J’ai acheté La mauvaise rencontre de Philippe Grimbert tout à fait par hasard. En regardant la couverture et en lisant la première page, je m’étais figuré que ce serait un livre léger, quelque chose de charmant sur les souvenirs d’enfance, avec ce qu’il faut de nostalgie.
C’est loin d’être le cas : ce livre est très sombre, le thème de la mort est présent du début à la fin et il plane sans cesse un sentiment d’inquiétude.
L’histoire est celle de Mando et de Loup (le narrateur), deux garçons qui, dès le temps des bacs à sable, se lient d’une amitié fusionnelle. Cette amitié durera jusqu’à leur entrée à l’Université, Mando choisissant le Droit et Loup la Psychanalyse. A partir de là un gouffre se creuse entre eux, irrémédiable.
Le suspense est ménagé pendant tout le livre pour nous amener vers la révélation de ce gouffre, et j’ai d’ailleurs plutôt aimé la manière dont les chapitres étaient construits : l’auteur nous prévient de ce qui va se produire,  dans le chapitre suivant il change de sujet, puis il nous ramène au sujet sur lequel nous étions prévenus et que nous avions perdu de vue. Malgré la présence de pas mal d’indices, je n’avais pas imaginé la révélation finale.
Mais si ce livre m’a paru fort c’est moins pour son alternance d’effets d’annonces et d’effets de surprises que parce qu’il aborde le thème du double et de la ressemblance. Et je me suis posé pas mal de questions après l’avoir refermé :
Est-ce que partager les mêmes goûts, les mêmes idées, et avoir en plus une longue histoire commune suffit pour dire qu’on se ressemble ?
Est-ce qu’on ressemble à quelqu’un uniquement parce qu’on veut lui ressembler ?
Je me suis aussi demandé sur quels critères on pouvait bien choisir ses amis à l’âge de trois ou quatre ans, si c’était juste le hasard ou s’il y avait déjà des accords de personnalités.

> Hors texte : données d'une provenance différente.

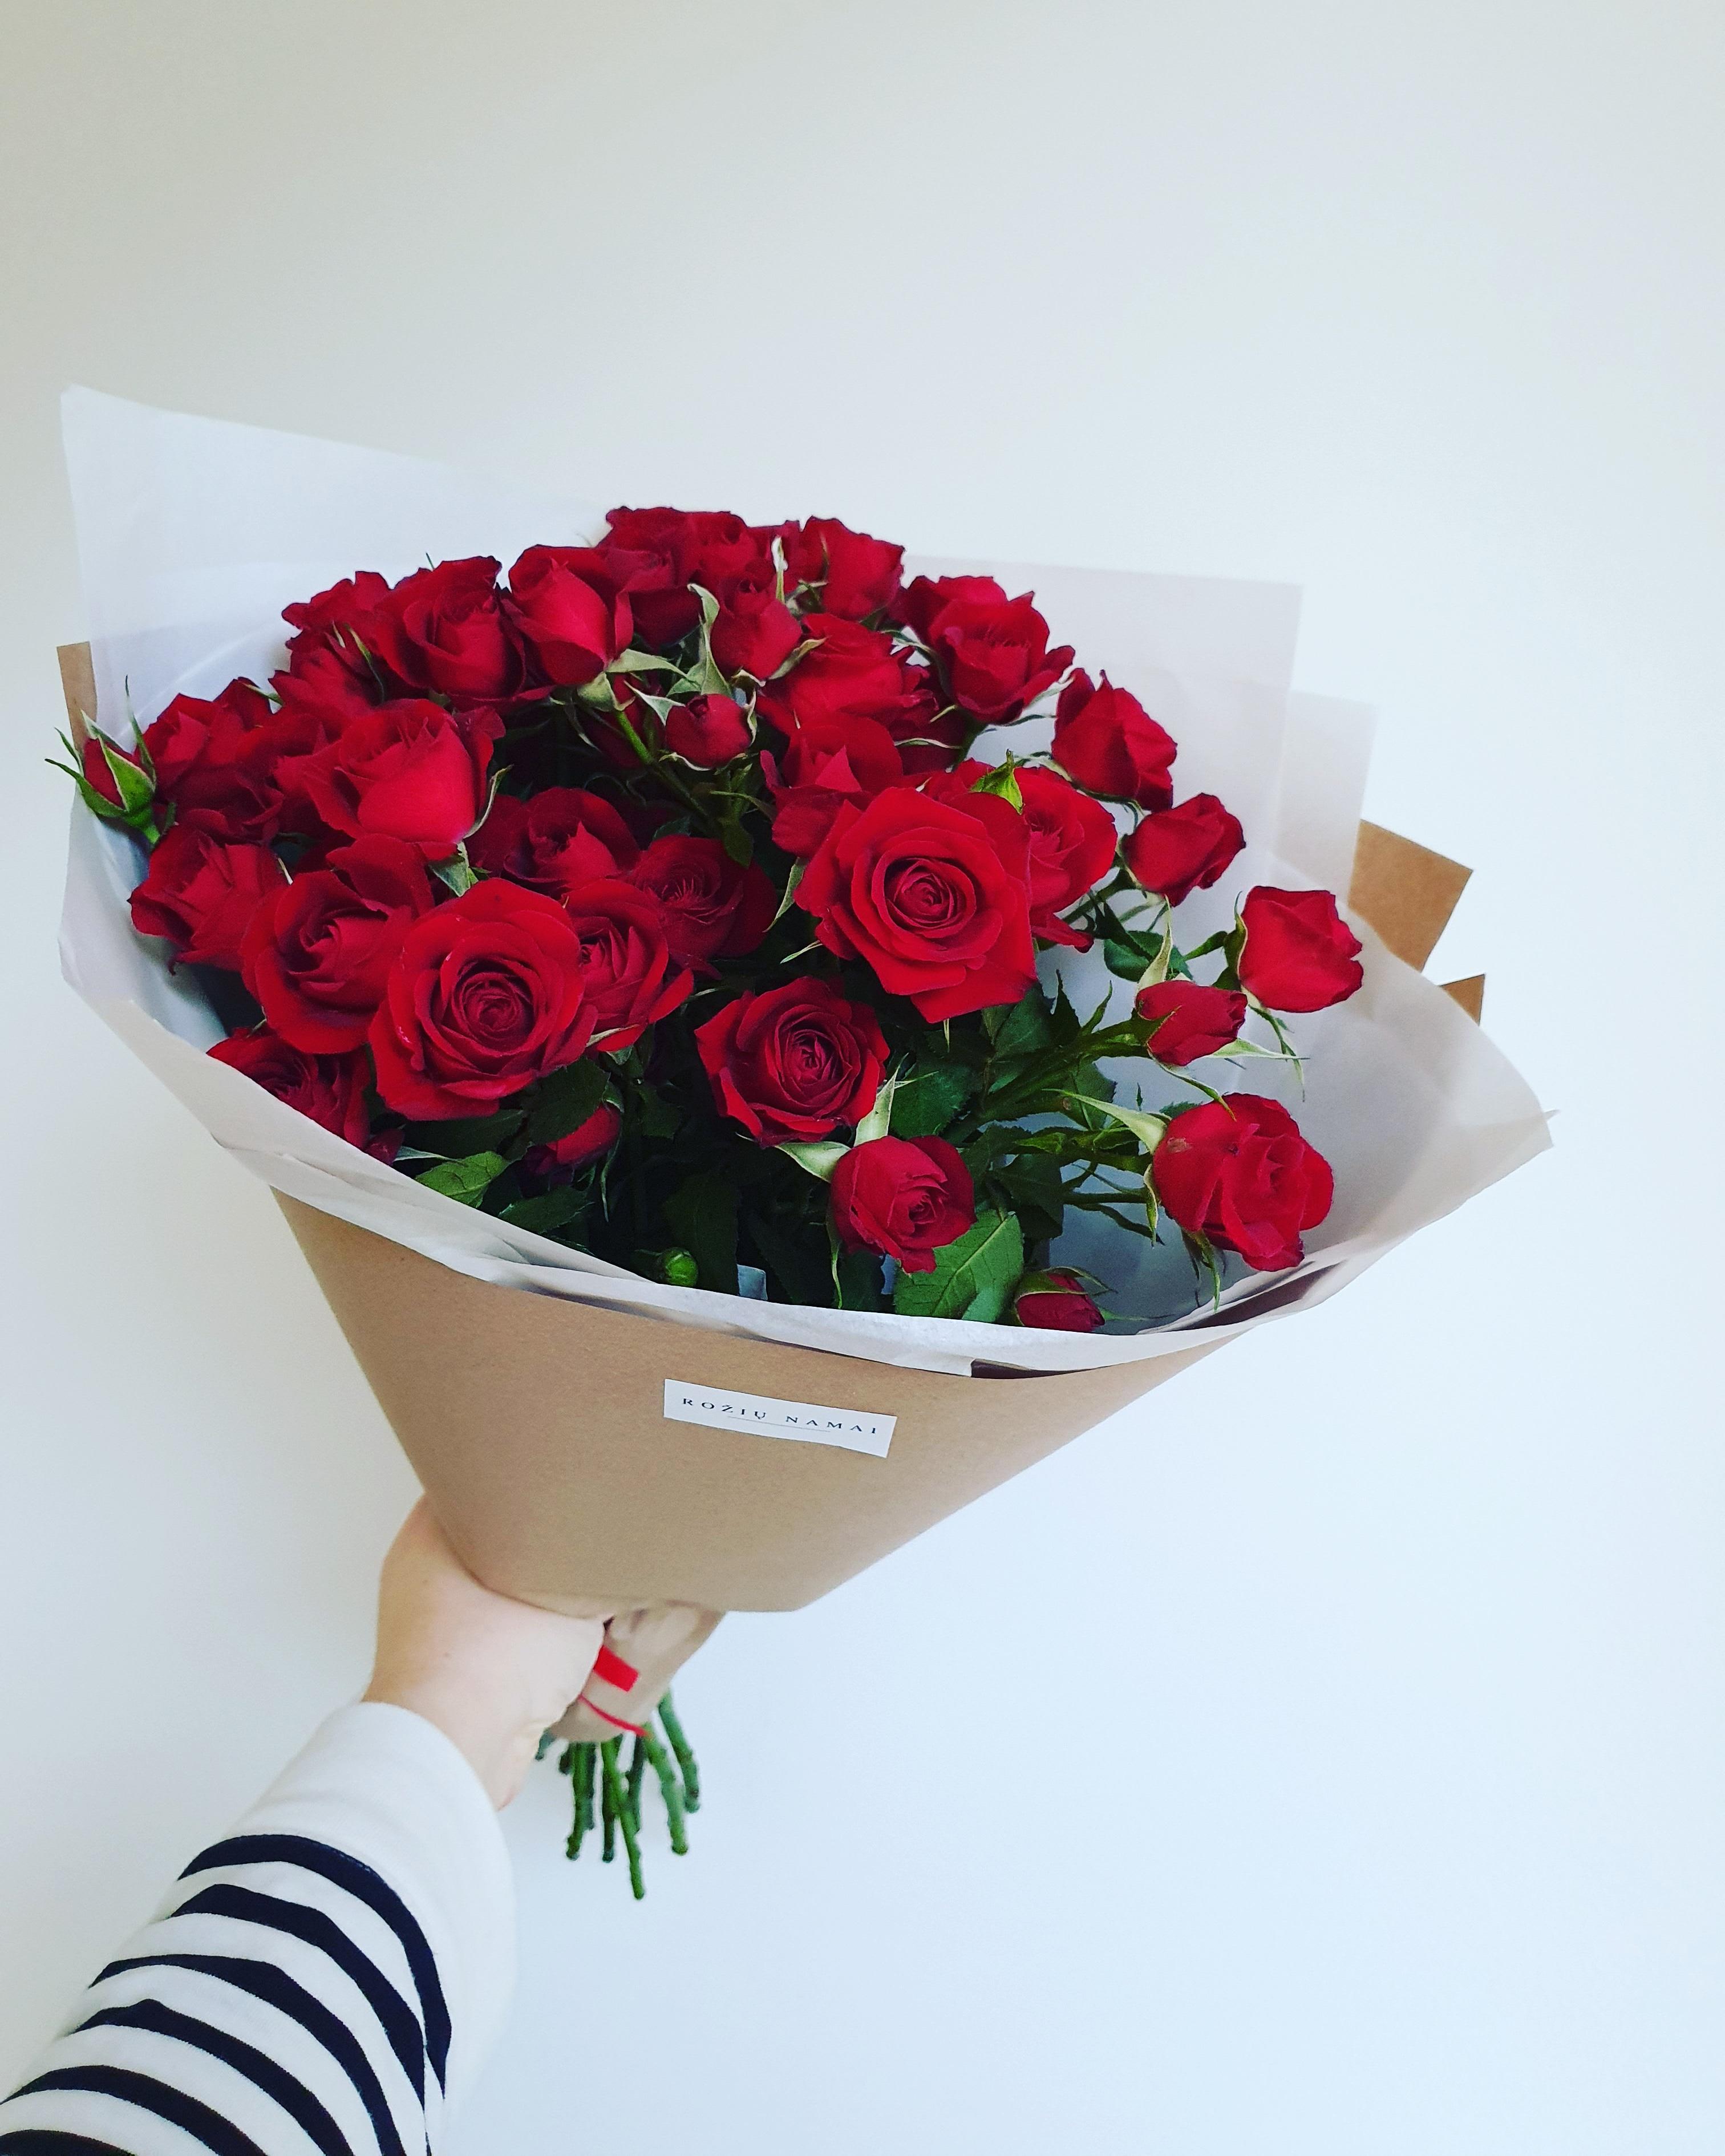 Rubicon daugiažiedės rožės paveikslelis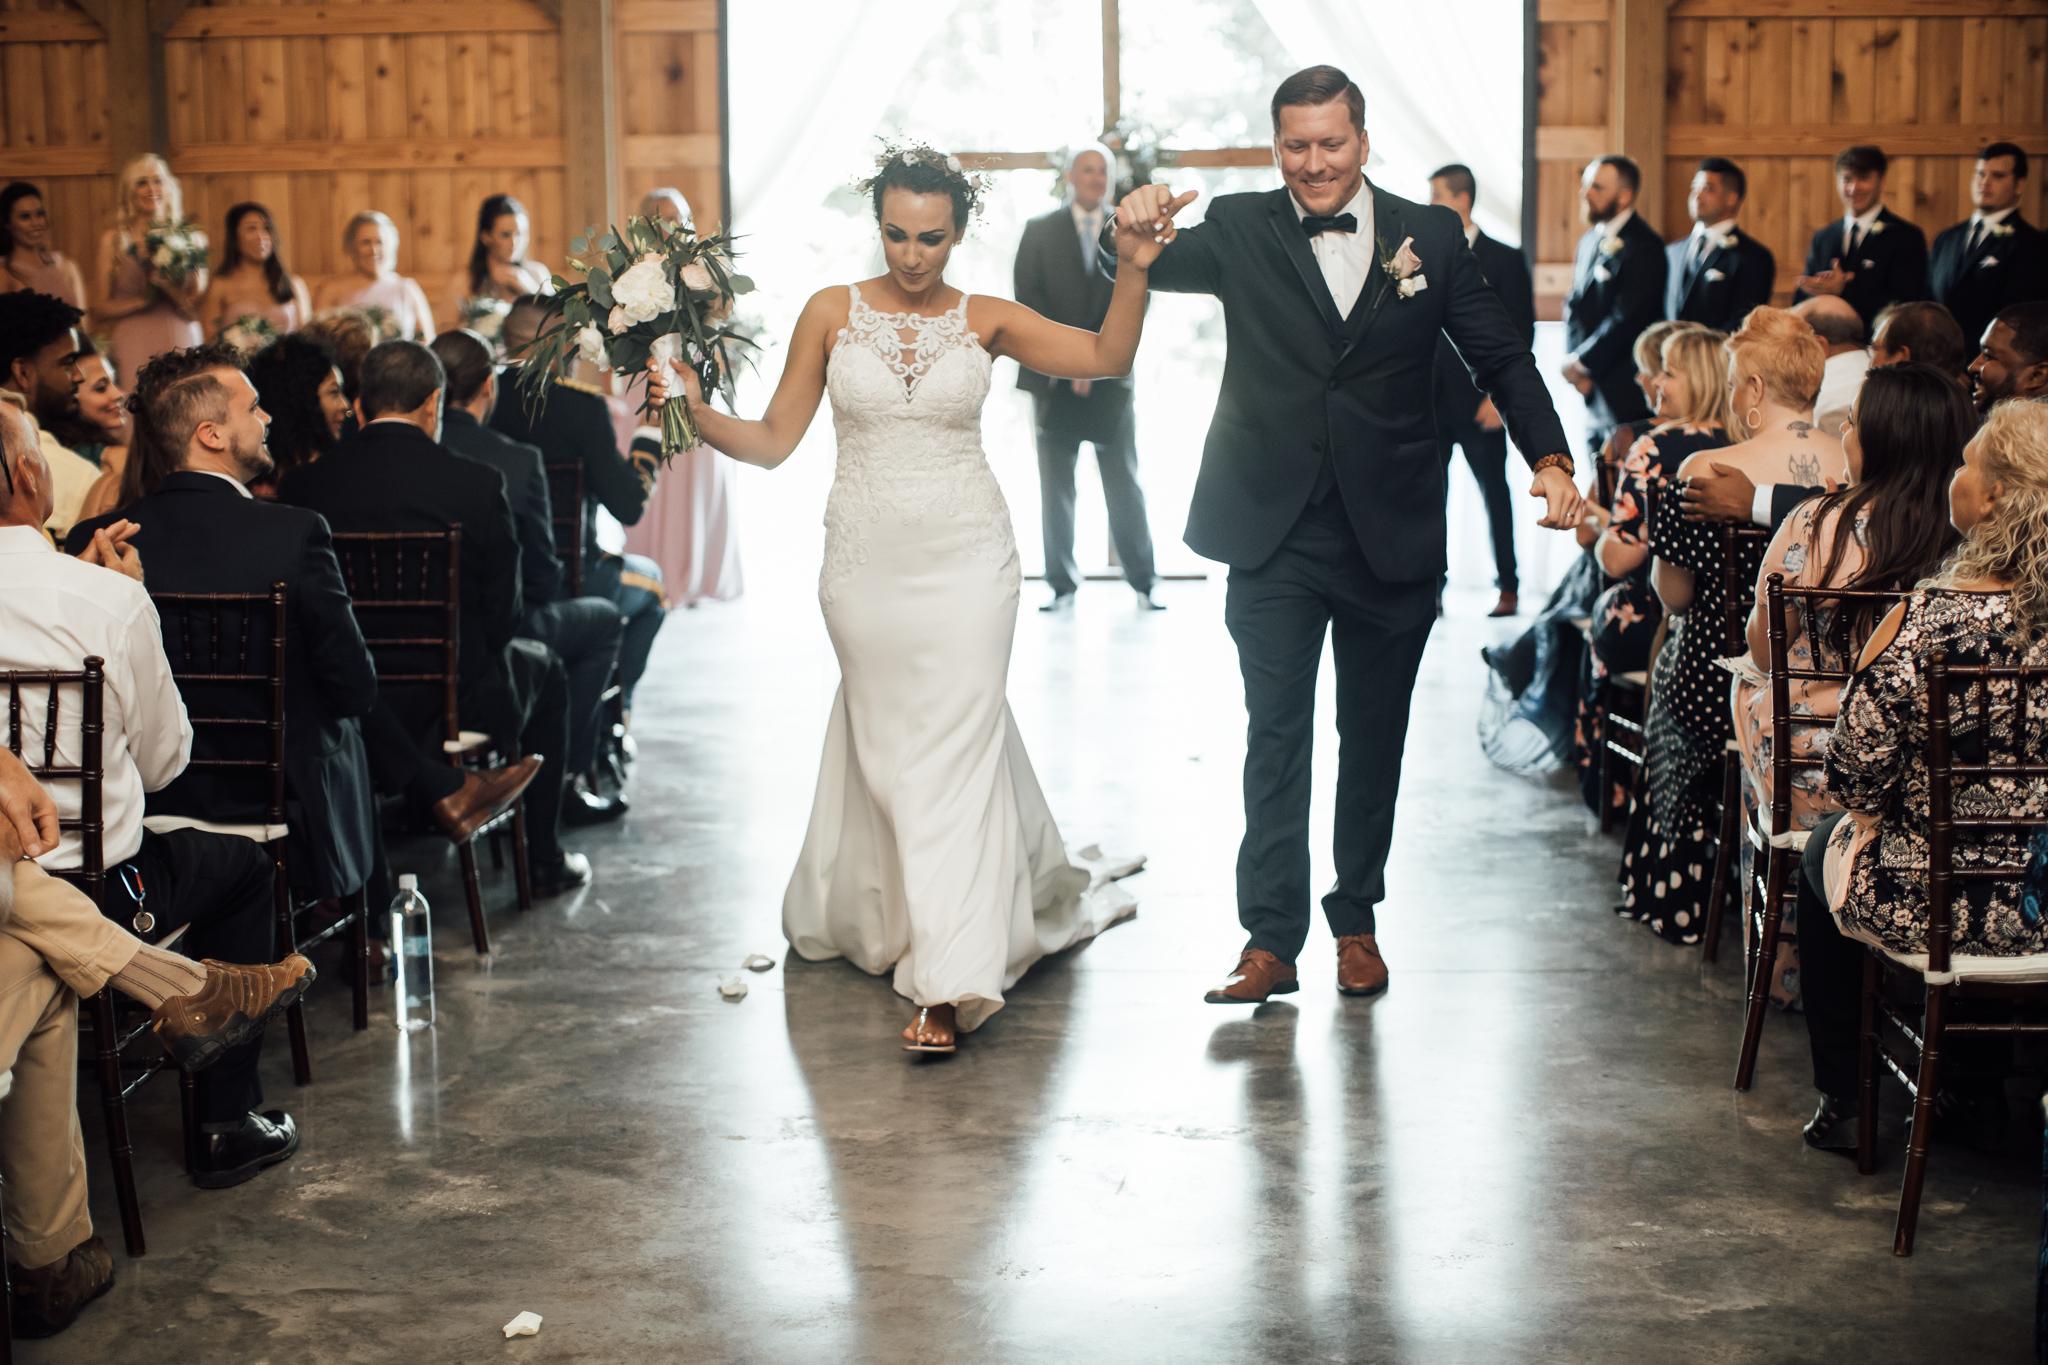 saddlewoodsfarms-nashville-wedding-photographer-thewarmtharoundyou-rustic-wedding (44 of 251).jpg

J’ai lu d’autres critiques de ce livre, et elles mettent toutes beaucoup en relief la personnalité de Mando. Pour ma part, il m’a semblé que ce personnage était, si j’ose dire, logique avec lui-même.
Par contre le personnage du narrateur m’a paru vraiment trouble, ambigu, et je suis restée perplexe en voyant qu’il ne cherchait jamais à expliquer ses sentiments.
Et puis je me suis rendu compte que le livre était autobiographique (il est dédicacé “A mes fantômes”) et j’ai pensé que ça devait être une forme de pudeur.
En tout cas ce roman est assez fort, troublant, et on sent dedans beaucoup de vérité.

 

(Cet article a été publié pour la première fois sur le blog « laboucheaoreille » en février 2012).